[R-sig-eco] Bayesian Methods for Ecology: inits working with WinBUGS not working with R & R2WinBUGS
Guillaume Chapron
carnivorescience at gmail.com
Sun Dec 28 22:51:10 CET 2008
Dear all,
I'm trying to have a WinBUGS example from the book "Bayesian Methods
for Ecology" by Michael A. McCarthy running with R through R2WinBUGS.
I cannot have this working, as there seems to be an issue with inits.

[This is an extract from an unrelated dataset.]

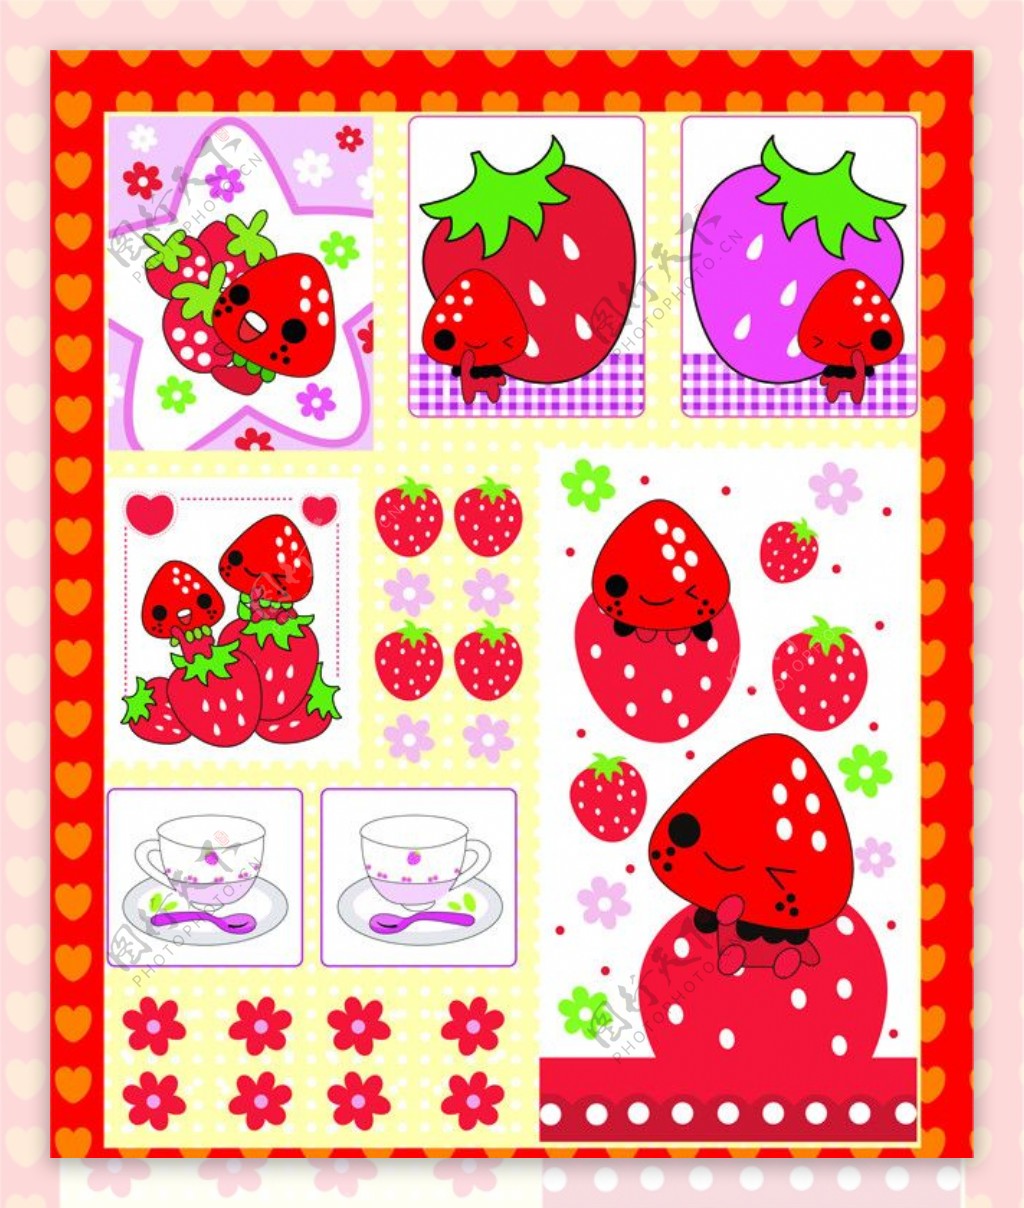 草莓小人图片

The model is a population dynamic one from the book Chapter 9, in
particular Box 9.1 p.219. The WinBUGS code is as follows:
##################################
# BUGS model to be called from WinBUGS
##################################
model
{
for (j in 1:4) # for each population
{
for(i in 1:T[j]) # for each year
{
# env stoch in population growth rate, drawn from normal
ev[j, i] ~ dnorm(0, tau)
# per capita growth rate is dens dep - Ricker
Er[j, i] <- exp(alpha*(1 - N[j, i]/K[j]) + ev[j, i])
# lambda equal to number this year times per capita rate
lambda[j, i] <- N[j, i] * Er[j, i]
# number next year drawn from Poisson with mean lambda - demo. stoch.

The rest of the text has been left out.